Friday, September 09, 2005

What am I doing here?

I have enjoyed receiving all the messages and comments – thank you! I’m writing during what’s left of my lunch hour at the office, although the internet is down at the moment. With luck I’ll be able to post this tonight from home.

A few friends have asked about my work, so I’ll take a stab at describing what our project is all about. My title is ‘Education Adviser’ and I direct a small team (numbers vary from four to twelve, depending what stage of the project we’re on) working to provide support to primary schools. The purpose of the project is to increase primary school enrolment by encouraging collaboration between the schools, families, and communities. More specifically, we work with twelve primary schools in this province (right now we’re in Butare province, but the provinces are about to be reorganized, so that could change!) and we support government policy on Parent Teacher Associations to help the schools develop their PTAs.
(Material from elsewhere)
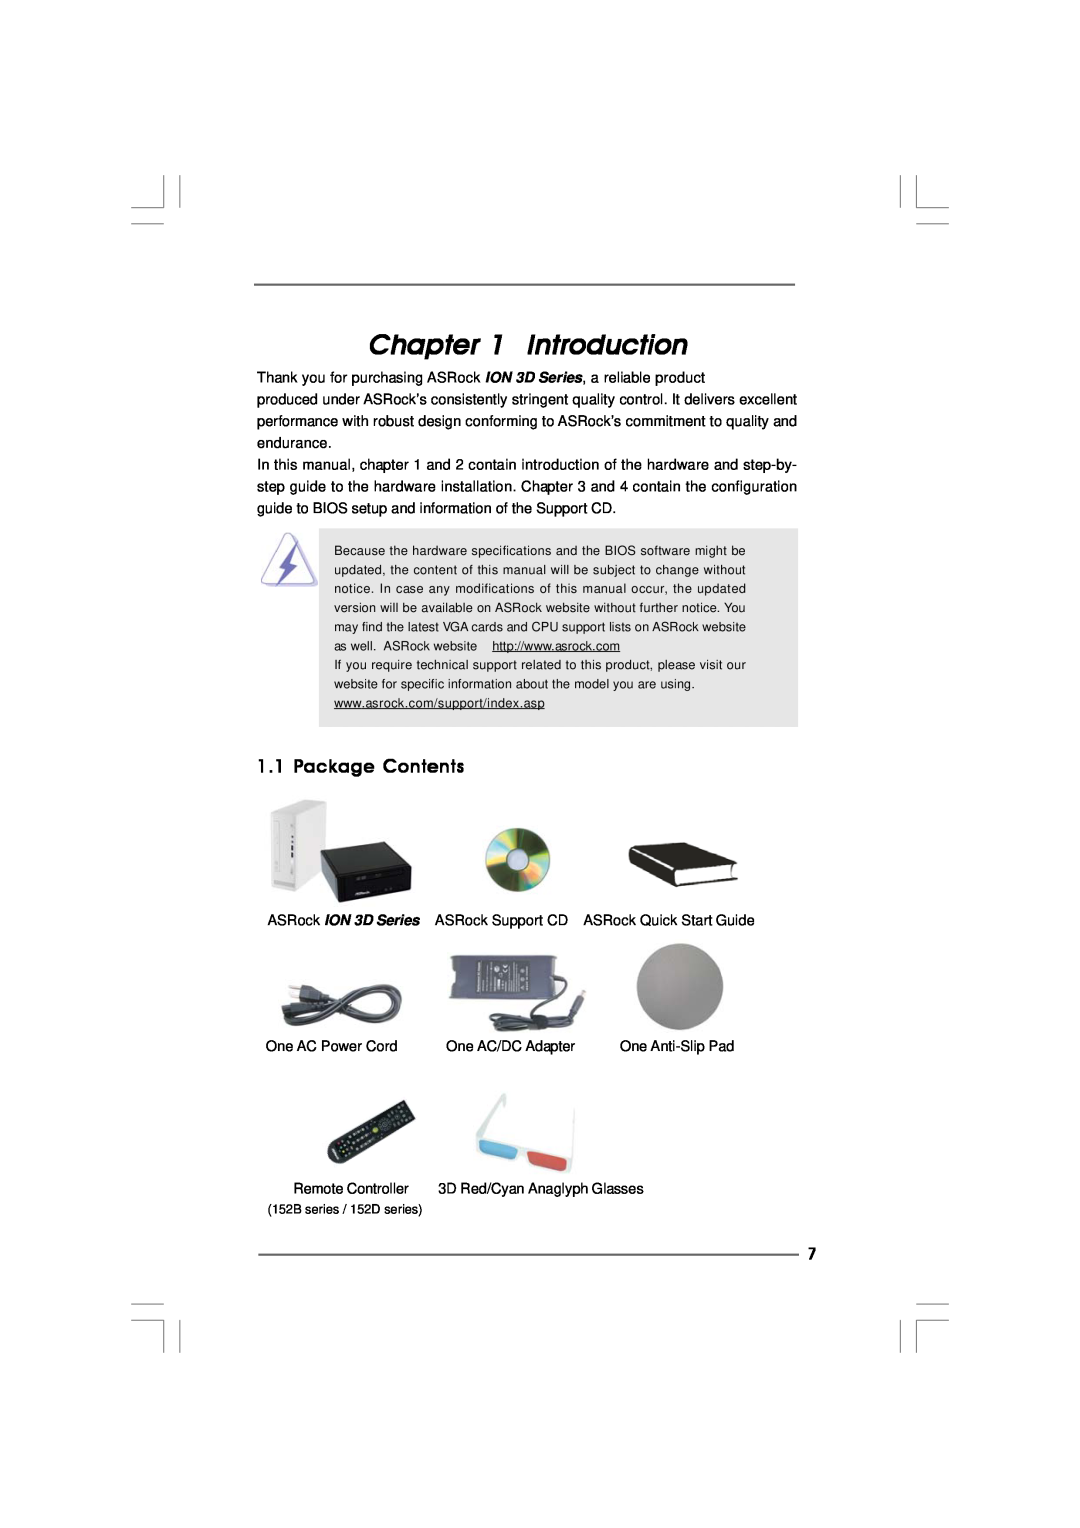 ASRock ION 3D Series manual Introduction, Package Contents

Work progresses slowly. I arrived in May 2004 and my first four staff members (the researchers) were hired the following month. We then spent several months doing background training in education issues and writing our log frame (‘logical framework’ – a planning tool used by many development projects). This phase was rather like leading an exclusive seminar group at university and was highly enjoyable! Once we had a good idea of how we intended to run the project, or at least the first phase, we hired eight research assistants. We then spent several more months training: human rights, gender, HIV/AIDS, participatory rural appraisal (PRA), and research skills for social analysis. The research skills was a course I took at the University of East Anglia in 2003, which I adapted for my team. Interspersed with the training we carried out stakeholder analysis meetings with community members in the four districts where we work – we work with three schools in each of the four districts. The districts will also undergo re-organisation, so it’ll be interesting to see how that affects our work!

We finally began our first phase of research – collecting baseline data for the project in April this year. Apart from desk research, i.e. literature review and hunting for relevant materials on the internet, we carried out a survey using a questionnaire administered in person by members of the research team, individual interviews with a range of stakeholders (parents, teachers, local business owners, pupils, children who had dropped out of school or who had never attended school), and several focus group discussions. The research ended last month – August – and now team members are busy analysing a mountain of data.

Where does this lead us? We will soon have a very good idea about what is happening in practice in the schools, how well (or not) PTAs are functioning, why children are dropping out of school, parental attitudes towards education and towards involvement in their children’s education, and more! The information will then help us, together with community members, develop appropriate models for how PTAs should function in their communities. Then we get to work on assisting schools and communities to turn their PTAs into effective instruments to improve school management, increase enrolment, and increase retention rates (drop out rates are exceptionally high). This all sounds quite straightforward, but needs to be put in a context where the majority of parents are illiterate, schools do not have electricity or running water (let alone computers!), there are no telephones, and most head teachers don’t even have an office to themselves.

Time for me to get back to work. I’m posting a photograph of two of my research team – there are five of us sharing a small office. We have one laptop, mainly used by me, and then share three desktop computers in another room with the two other projects (community development and child survival).

1 comment:

Anonymous said...

Hi Nicki,
Good to get a feel for what you're doing, sounds great, Jock would be proud! Keep up the good work. Quick enquiry: Sophie from our course last year has been working for a parliamentary group on Rwanda and is now a bit of Rwanda 'expert' in need of a job and prepared to to travel. Highly capable and commited. Do you know of any openings at that end? You know wnat the dev market is like here. She is quality and should be well used!
All the best,
Chris Rolls.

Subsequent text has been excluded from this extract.